Friday, July 1, 2016

The Science? of the Rosary

Hanging Rosary (from Papal Blessed Rosaries)
“For those who use their intelligence and their study as a weapon, the Rosary is most effective. Because that apparently monotonous way of beseeching Our Lady as children do their Mother, can destroy every seed of vainglory and pride.” – St. Josemaria Escriva
“Never will anyone who says his Rosary every day be led astray. This is a statement that I would gladly sign with my blood.”
Saint Louis de Montfort

INTRODUCTION 

I pray the Rosary every day;  at home, when driving*, and before Mass at Church, I use my finger to replace the beads (even though I have one thumb rosary wheel, and three rosaries given to me by my children).    At Adoration, however, I use one of the many rosaries set out for the faithful.   

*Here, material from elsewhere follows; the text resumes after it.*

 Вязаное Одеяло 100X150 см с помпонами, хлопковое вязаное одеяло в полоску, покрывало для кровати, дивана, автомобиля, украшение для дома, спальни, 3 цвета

THE PHYSICS OF A HANGING ROSARY

While praying the Rosary in the Adoration Chapel, my physics Screwtape often gets to me, and I wonder about the physics of the hanging rosary, how one takes account of the hanging crucifix, the beads separating the decades, and the length of chain held between the hands while the rosary hangs.   I know that if you 
Catenary Curve for a Hanging Chain
(from code golf)
suspend the rosary from the first and fourth separation beads, you'll get a catenary, as in the catenary for a suspension of strands in a spider web or suspension of a weightless bridge.

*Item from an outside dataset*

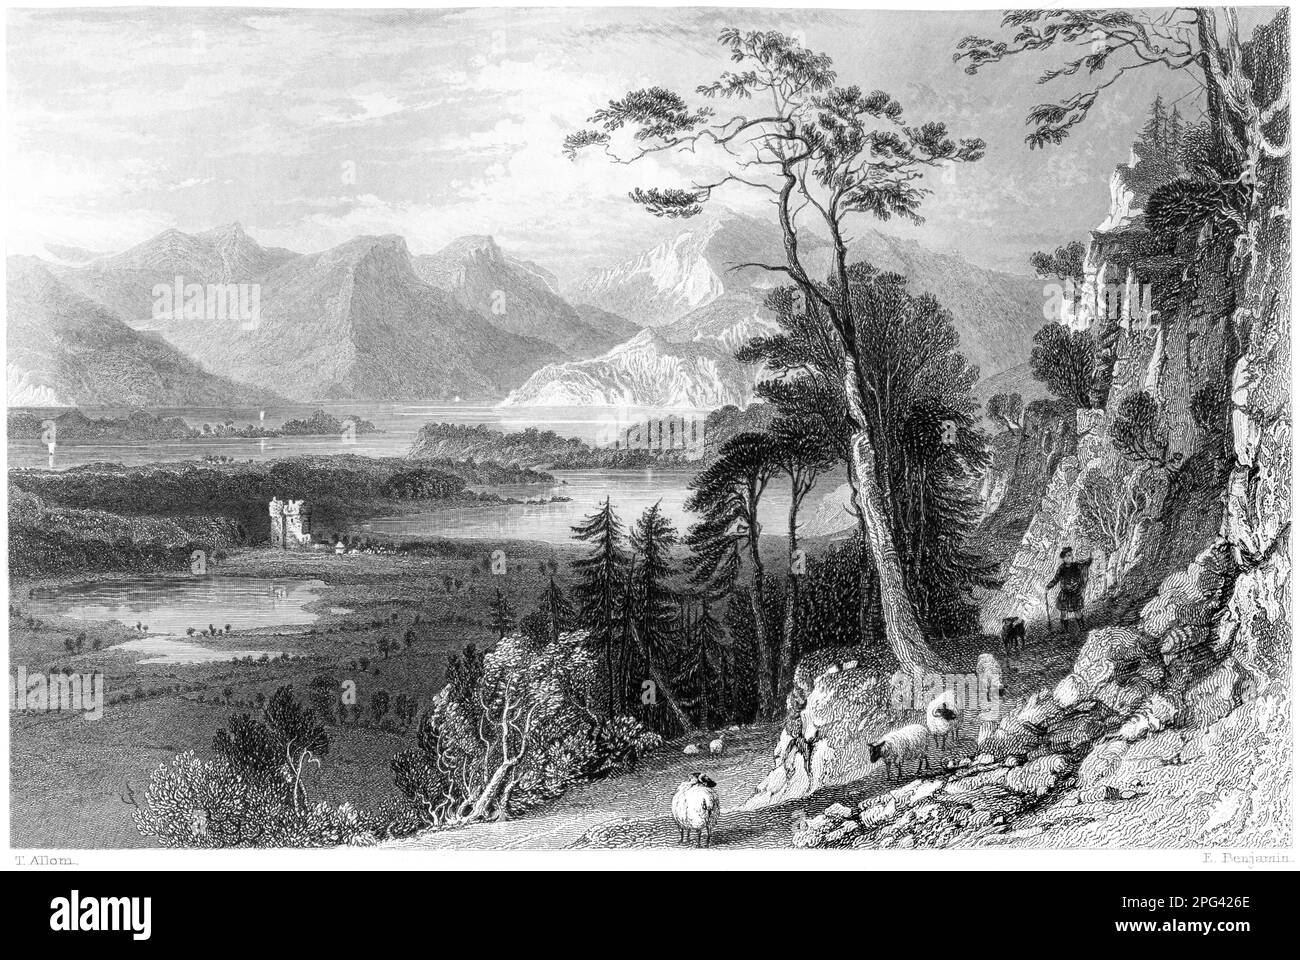 Eine Gravur von Loch Creran mit Bercaldine (Barcaldine) Castle, Argyleshire, Schottland, Großbritannien, gescannt mit hoher Auflösung aus einem 1840 gedruckten Buch. Stockfoto

While I try to focus on the Rosary prayer, Screwtape asks me how will the hanging crucifix affect the curve?   Do you add in the extra downward force at the point of suspension and solve the dynamics or do you do a perturbation analysis?  How does  the curve change when there are only three beads between the two suspension points, instead of a full decade?   And so it goes, until I finally push Screwtape back into his cubby and focus on the Monstrance in front of me, the crucifix hanging above it, and my Rosary prayer.

THE IMAGING OF ROSARY PRAYER

Our brains are affected by contemplative prayer, as has been shown in a large number of imaging studies.  (See "Are We Hard-Wired for Faith", the web page of Professor Andrew Newberg and his review article "The Neuroscientific Study of Spiritual Practices". )   What his and other studies have shown is  that areas in the brain governing language and higher intellection are made more active by contemplative prayer (including, presumably that of the Rosary), while areas governing sense of place and location are made less active.     Newberg interprets the latter result as accounting for the sense of disembodiment and withdrawal that often happens during contemplative prayer.

THE SIGNIFICANCE OF PHYSICS AND IMAGING STUDIES?

The short and correct answer to the above is "very little".   To make a computer analogy:  if you know that one output connects to a monitor, one input to an audio source, another to a mouse, etc., you've obtained some operational information about the computer, but you don't--without additional information--know how a computer works, what goes on inside of it, and how to make another.

And so it is with the spirituality of the Rosary.   It is unique, it is powerful, it is a force given by God, to help us conquer ourselves and make peace with the world.   Our Lady has recommended in many visions that we make Her prayer daily and thereby improve our world.      It can not be explained by science, and it need not be explained by theology.

As was shown in the Battle of Lepanto,
. “Give me an army saying the Rosary and I will conquer the world.” – Blessed Pope Pius IX
(For many other fine quotes about the Rosary see  "The Catholic Gentleman".)

*My wife read this and admonished me, "You can either drive or do the Rosary, but not both without doing each poorly." (I guess this is a version of Our Lord's comment, that one cannot serve two masters.)   So, I've promised not to pray the Rosary while driving, except as a passenger, and I recommend others do the same.